Records from a collection:
########

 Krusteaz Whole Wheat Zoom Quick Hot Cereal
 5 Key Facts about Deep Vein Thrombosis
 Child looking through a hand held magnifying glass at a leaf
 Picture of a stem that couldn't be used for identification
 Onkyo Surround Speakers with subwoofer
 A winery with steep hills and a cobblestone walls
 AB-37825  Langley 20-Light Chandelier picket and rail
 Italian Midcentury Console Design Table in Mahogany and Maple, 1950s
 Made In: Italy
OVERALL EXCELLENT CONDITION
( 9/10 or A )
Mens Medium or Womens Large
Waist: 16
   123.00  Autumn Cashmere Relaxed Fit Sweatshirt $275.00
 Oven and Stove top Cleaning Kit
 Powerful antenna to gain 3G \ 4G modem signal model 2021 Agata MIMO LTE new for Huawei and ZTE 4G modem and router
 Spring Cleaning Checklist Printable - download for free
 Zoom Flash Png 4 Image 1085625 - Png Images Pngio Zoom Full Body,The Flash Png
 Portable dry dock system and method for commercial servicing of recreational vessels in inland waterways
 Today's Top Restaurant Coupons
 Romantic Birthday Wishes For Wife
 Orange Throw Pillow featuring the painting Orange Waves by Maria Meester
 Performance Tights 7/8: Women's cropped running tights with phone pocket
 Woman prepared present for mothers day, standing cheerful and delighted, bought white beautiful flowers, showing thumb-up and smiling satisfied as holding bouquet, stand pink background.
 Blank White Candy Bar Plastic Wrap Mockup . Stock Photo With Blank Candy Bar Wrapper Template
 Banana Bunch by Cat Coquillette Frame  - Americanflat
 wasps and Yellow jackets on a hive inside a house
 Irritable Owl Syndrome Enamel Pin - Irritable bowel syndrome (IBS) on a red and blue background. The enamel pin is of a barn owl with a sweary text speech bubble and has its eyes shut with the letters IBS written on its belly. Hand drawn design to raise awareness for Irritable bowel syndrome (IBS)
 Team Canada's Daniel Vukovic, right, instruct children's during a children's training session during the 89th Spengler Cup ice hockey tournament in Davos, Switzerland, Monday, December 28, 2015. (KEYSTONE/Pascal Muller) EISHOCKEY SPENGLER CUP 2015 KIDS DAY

########

Keeping each line exactly as it is, retype all of the data.

## WORKED SOLUTION
 Krusteaz Whole Wheat Zoom Quick Hot Cereal
 5 Key Facts about Deep Vein Thrombosis
 Child looking through a hand held magnifying glass at a leaf
 Picture of a stem that couldn't be used for identification
 Onkyo Surround Speakers with subwoofer
 A winery with steep hills and a cobblestone walls
 AB-37825  Langley 20-Light Chandelier picket and rail
 Italian Midcentury Console Design Table in Mahogany and Maple, 1950s
 Made In: Italy
OVERALL EXCELLENT CONDITION
( 9/10 or A )
Mens Medium or Womens Large
Waist: 16
   123.00  Autumn Cashmere Relaxed Fit Sweatshirt $275.00
 Oven and Stove top Cleaning Kit
 Powerful antenna to gain 3G \ 4G modem signal model 2021 Agata MIMO LTE new for Huawei and ZTE 4G modem and router
 Spring Cleaning Checklist Printable - download for free
 Zoom Flash Png 4 Image 1085625 - Png Images Pngio Zoom Full Body,The Flash Png
 Portable dry dock system and method for commercial servicing of recreational vessels in inland waterways
 Today's Top Restaurant Coupons
 Romantic Birthday Wishes For Wife
 Orange Throw Pillow featuring the painting Orange Waves by Maria Meester
 Performance Tights 7/8: Women's cropped running tights with phone pocket
 Woman prepared present for mothers day, standing cheerful and delighted, bought white beautiful flowers, showing thumb-up and smiling satisfied as holding bouquet, stand pink background.
 Blank White Candy Bar Plastic Wrap Mockup . Stock Photo With Blank Candy Bar Wrapper Template
 Banana Bunch by Cat Coquillette Frame  - Americanflat
 wasps and Yellow jackets on a hive inside a house
 Irritable Owl Syndrome Enamel Pin - Irritable bowel syndrome (IBS) on a red and blue background. The enamel pin is of a barn owl with a sweary text speech bubble and has its eyes shut with the letters IBS written on its belly. Hand drawn design to raise awareness for Irritable bowel syndrome (IBS)
 Team Canada's Daniel Vukovic, right, instruct children's during a children's training session during the 89th Spengler Cup ice hockey tournament in Davos, Switzerland, Monday, December 28, 2015. (KEYSTONE/Pascal Muller) EISHOCKEY SPENGLER CUP 2015 KIDS DAY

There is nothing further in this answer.